One of the most satisfying things about any creative outlet is the feeling that, where once there was nothing, you have made something—it doesn't much matter what it is, what matters is that you have constructed matter from air, a feat that the laws of physics say should be relatively impossible. In a very real sense, the ability to create artistic work allows us to defy the laws of our known universe.1
The problem with digitally-oriented creative outlets is that they very often don't ever make it to that tangible instantiation. Writing software is fun because you can solve real problems, but you can't hold a program (at least, not conceptually2). Ditto with a video, and making a DVD doesn't count—you can move many of these things into some form of physical manifestation, but only one that serves as a container, not one that allows you to viscerally experience it. You can't touch it. You can't feel it.
Photos, on the other hand, have a physical analog in the print, in a way that is very different from the physical analogs of other types of media. The print is not merely a vehicle for an intangible form (like film is a vehicle for a movie), it is a piece of art in and of itself—the feel of the paper, the way the ink adheres to the surface, the amount of light reflected off of the image, these are all artistic elements that the printmaker has the opportunity to bring to bear on their creation. If you run your fingers over a piece of film, you ruin it; if you run your fingers over a photo printed on uncoated Mohawk eggshell paper, you experience the photo in a whole new way.
Maybe I'm being a bit too dramatic (I'm definitely being a bit too dramatic), but the visceral experience of holding a photo in your hands is not something to undersell.

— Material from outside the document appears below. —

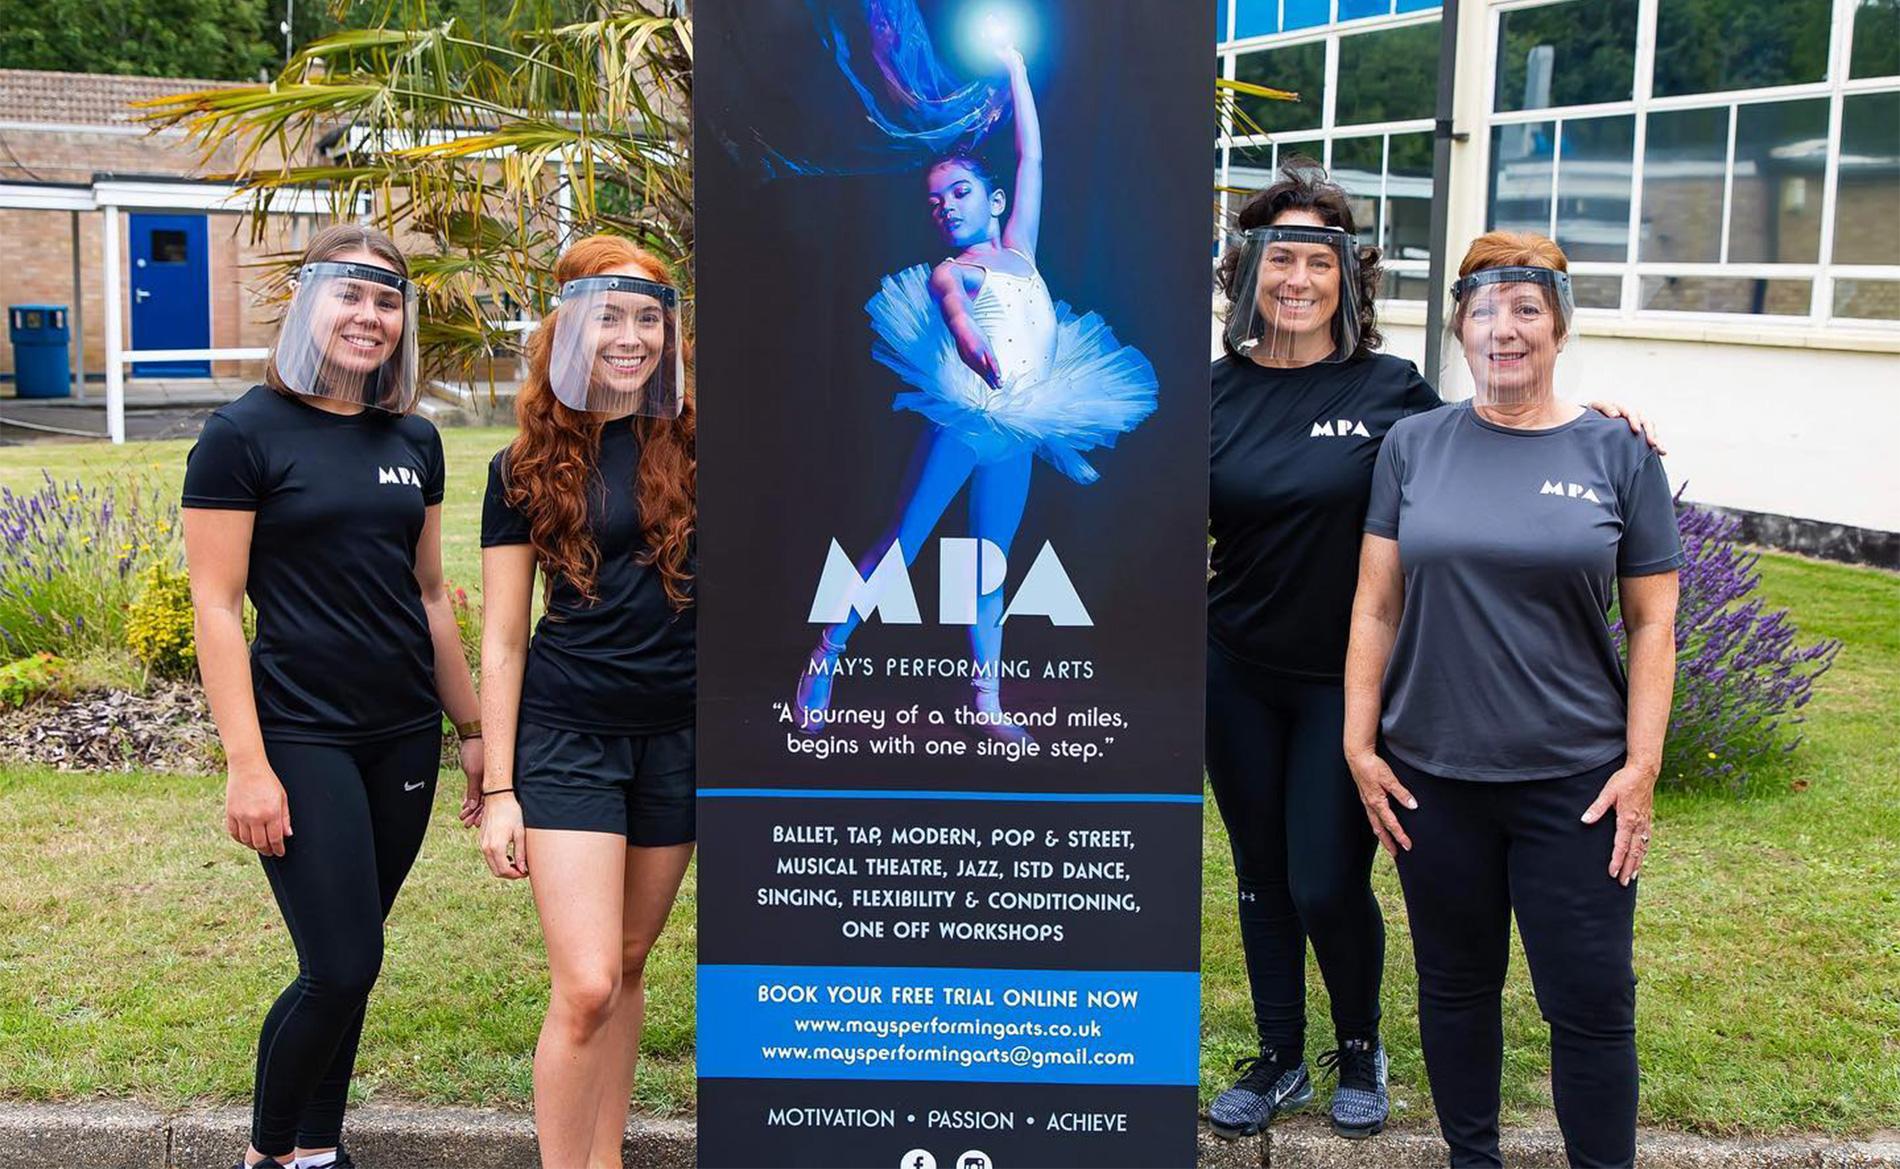 MPA - Mays Performing Arts Norwich.

The fact that a photo gets to have multiple lives—once during its creation, and again during its rendering onto paper—is something that is very unique to the medium, and it's worth getting excited about.
And yet, people just don't do it that often. Let me tell you why you—yes, you—should start printing your favorite photos more often.
Reason #1: It forces you to examine your photos more critically. Producing prints is a very thoughtful process: much like shooting with film, the quantity of prints you can produce is somewhat limited, so you have to make choices. Being forced to decide which of your photos are worthy of being printed necessitates that you see them in a different light.
Moreover, not all prints are in a 3:2 aspect ratio (nor, for that matter, are all photos), and some, if not most, formats are going to require some cropping. Some people argue that cropping destroys a photo, and when done mechanically (as by an algorithm), that's absolutely true; an intentional crop, though, gives you an opportunity to evaluate what your photo is trying to say, and to distill it in a way that makes sense on a different medium. Some of my favorite prints you can order online are square, and I love the challenge of preparing a new composition for the paper.
Reason #2: It gives you an opportunity to decorate. Once you've been around the block a few times, and ordered a few sets of prints just for the hell of it, you'll find yourself with more photos than you know what to do with sitting in stacks on your kitchen table. Congratulations! You just discovered your next decorating strategy.
We so often decorate our personal spaces with work created by others, and while plastering poster-sized giclées of yourself on all four walls is hubris, hanging up a few of your favorite creations is not— it's well-deserved pride. Don't be afraid to put some of your photos on display! I keep a stack of 25 in a small wood block on my coffee table, so that only one is visible at a time, but guests are free to flip through them at their leisure. I swap out the front photo once a week so it always feels fresh. There's no easier way to make your apartment feel like your own than by capturing some of your memories, and making them real.
Reason #3: You get to reflect on your best work. As a corollary to points 1 and 2, making intentional prints from a curated collection of your photos means that you'll have a short list of some of your best shots floating around your home. Had a bad day out with your camera? Just look at your coffee table and remember that, hey, you're not so bad at this whole photography thing!
Reason #4: There are some really high quality print services out there that don't cost too much. Awhile back, I bought a pretty reasonable photo printer just for the fun of being able to produce my own prints quickly—having it around means that making a print for a friend (or yourself) is cost effective and easy! But most of the time, I want better quality than what I can produce on my own.
For that, I turn to Artifact Uprising, a subsidiary of VSCO, who have a wide variety of awesome prints. They're a little on the pricier side, but the quality is superlative, you can upload right from your iPhone, and it doesn't take too long to get your finished copies, either. There are definitely cheaper shops out there, but once you feel a set of their square prints (mentioned above), you'll never want to go anywhere else.
Reason #5: It's so fun! Having prints around—prints to share, to pass around, to look at, to display—is just fun. There is no greater feeling of satisfaction than getting to hold something that you have created.
Making physical manifestations of my photos—whether it's via prints, or one-off books for particular photo shoots (which Artifact Uprising also does quite well), or even slightly larger compilations—has been one of the most rewarding things I've done since I first started getting involved with photography. Prints add a dimension of meaning and beauty to photos that can't be captured on a computer screen. You owe it to yourself, and your photos, to give it a try.
And hey, once you start decorating your home with prints of your photos, you'll always have an excuse to go out and take more!